Tuesday, November 03, 2009

Our Corrupt Allies


Pat Buchanan is upset that the media is paying so much attention to the corruption and ineptitude of Hamad Karzai. He argues that when we're involved in military action in a state or region, and depict a leader as corrupt, it means we're about to abandon our support for him.
When Chiang Kai-shek, who fought the Japanese for four years before Pearl Harbor, began losing to Mao’s Communists, we did not blame ourselves for being a faithless ally, we blamed him. He was incompetent; he was corrupt.

We did not lose China. He did.
Let's take a look at that allegation:
Mao Zedong’s communists eventually came to power in 1949. A year earlier, in June 1948, Chiang wrote in his diary that the Kuomintang had failed, not because of external enemies but because of disintegration and rot from within.
You see, sometimes when a foreign leader or his administration is depicted as corrupt and incompetent, the depiction is accurate.

Buchanan similarly complains that South Vietnam's President Diem was depicted as "a dictator... who had lost touch with his people", something he fails to demonstrate is in any way false. He similarly whines that Cambodia's Lon Nol "got the same treatment", again failing to demonstrate that the treatment was undeserved. For some reason, he neglects to mention such illustrious leaders once supported by the United States, including the Shah of Iran, Manuel Noriega... the laundry list of thugs and despots the U.S. has at times supported in South and Central America.... Should we include Saddam Hussein?

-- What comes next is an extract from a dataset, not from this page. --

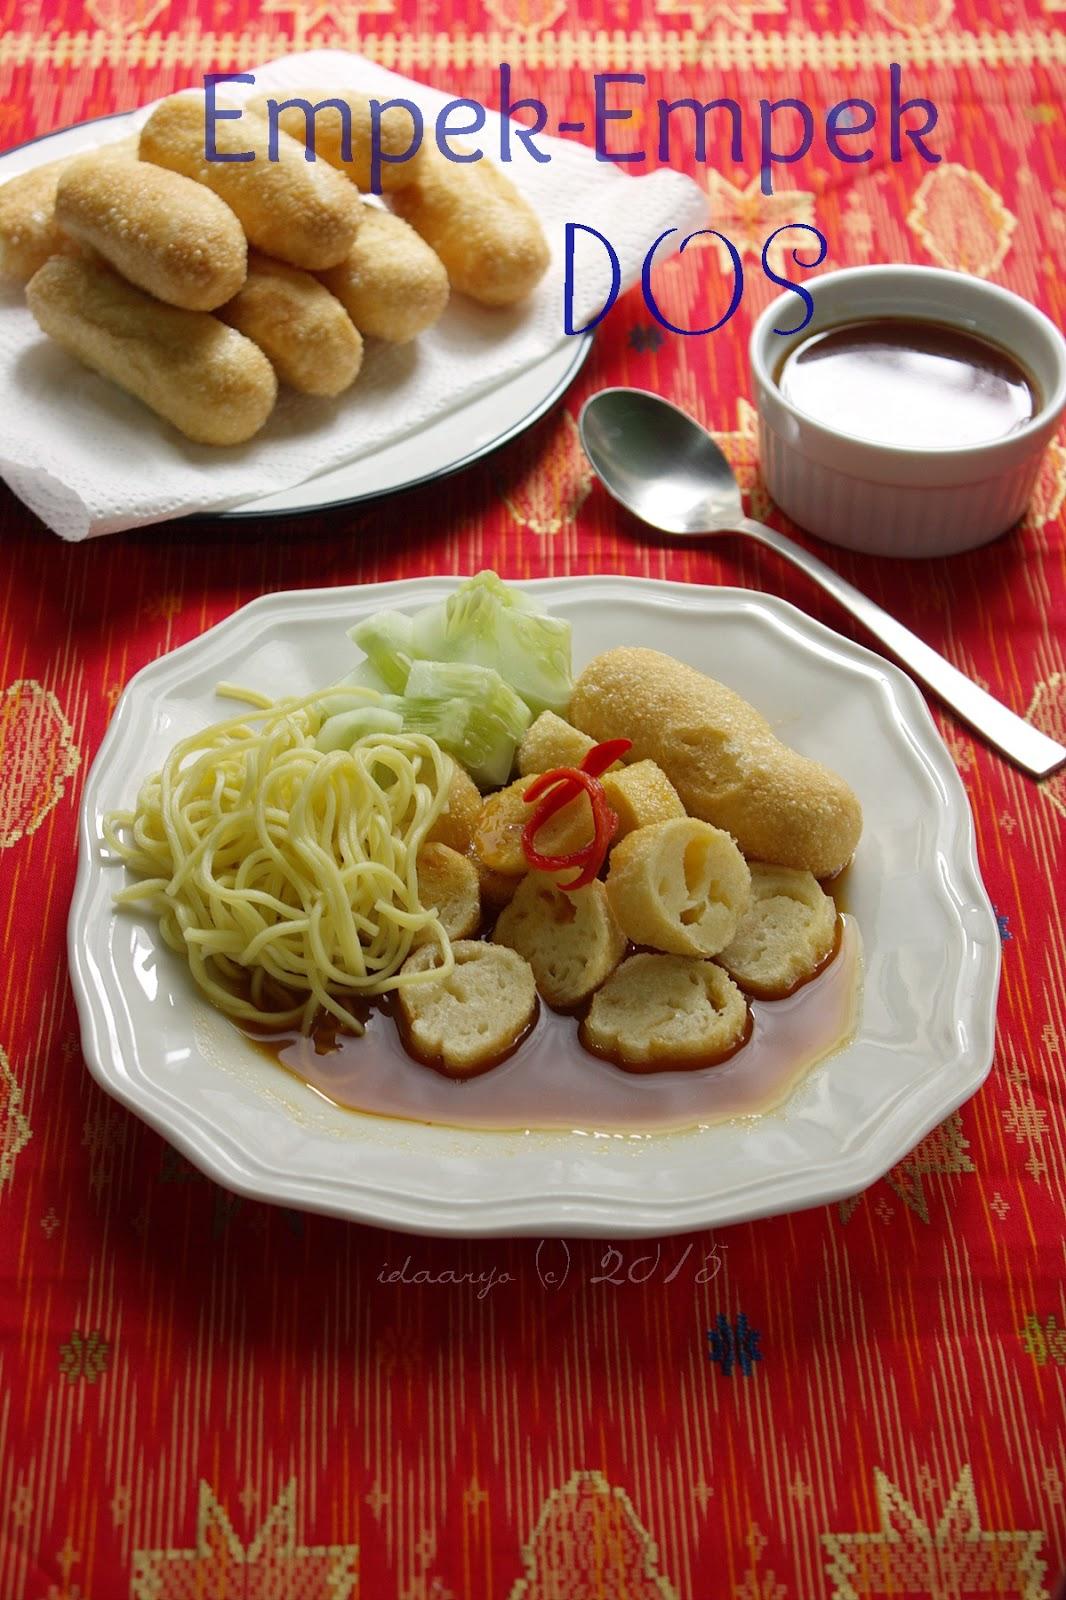 Resep Mpek Mpek Dos : resep, Ida's, Homemade......:, Empek-Empek, (Empek-empek, Tanpa, Ikan), Widya, Arina

Yes, when it's convenient we have historically dropped support for such "allies", and it's no coincidence that the public narrative goes from their being "important allies to the U.S." to "corrupt and incompetent, an impediment to our goals in the region", but the convenient timing of the admission of corruption doesn't make it any less true. It instead highlights how we care more about advancing our interests in a given region than we do about whether that region enjoys honest, scrupulous governance. Buchanan was an assistant to Richard Nixon - yet he claims to know nothing of realpolitik?

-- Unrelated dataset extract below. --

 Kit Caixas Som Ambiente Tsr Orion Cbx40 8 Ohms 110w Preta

Buchanan's memory cannot be so short that he has forgotten his time in the Reagan Administration. Perhaps he remembers a guy named Pol Pot - an incompetent, genocidal leader responsible for the deaths of probably millions of Cambodians. What did Ronald Reagan do after Vietnam toppled Pot's regime?
Rollback was the American end of the proxy war fought between the two superpowers for power and influence in the developing world. The basis was childishly simple: my enemy's enemy is my friend.

To that end the Reagan administration insisted on recognising the deposed Khmer Rouge government in exile at the UN, mostly because it was the pro-Soviet Vietnamese that had done the deposing. This recognition helped maintain a civil war in which many Cambodians were killed and many thousands of landmines were laid.
What defense does Buchanan now offer for Rios Montt, whom Reagan described as "a man of great personal integrity"? Reagan's high praise for Jonas Savimbi? Is it problematic that those leaders are now judged based upon the facts, not upon Reagan's (I would hope knowingly) fabricated songs of praise?

No, fundamentally, Buchanan knows the charges are true. The problem is that the truth is becoming known:
That there are warlords who are war criminals, allied with the Afghan regime and us, that drug-traffickers are abetted by high officials, that Karzai stole the election, no one denies.

That the Pakistani intelligence services are shot through with elements loyal to a Taliban they helped bring to power in Kabul, that there are Pakistani army officers who believe they should be defending their country against India, not fighting America’s war in Waziristan, is also undeniable.

But what does it avail us to insult these people who have cast their lot with us, many of whom will, with famines and friends, pay a far more terrible price than we if we lose these wars.
I'm sorry, but I don't feel any great sympathy for people who "cast their lot with us", enrich themselves, their families and their clans at the expense of their countries and countrymen, undermine U.S. political goals and military efforts, and ultimately lose our support due to true allegations of their greed, corruption and incompetence. I can't feel sorry for somebody who thought that "casting his lot" with the U.S. meant "winning the lottery", and who if deposed will most likely live out his life in a billionaire's exile, supported by the money he has stolen from his (and our) country.

Does Buchanan really believe it's too much to ask of somebody like Karzai to steal a little bit less, or to accept a small risk of losing an election he probably could have won honestly, in order to help us achieve our goals of improving and stabilizing the country he claims to lead? Well, yeah, I guess he does. Because they "trusted us", apparently, to not care if they demolished the foundation of our efforts.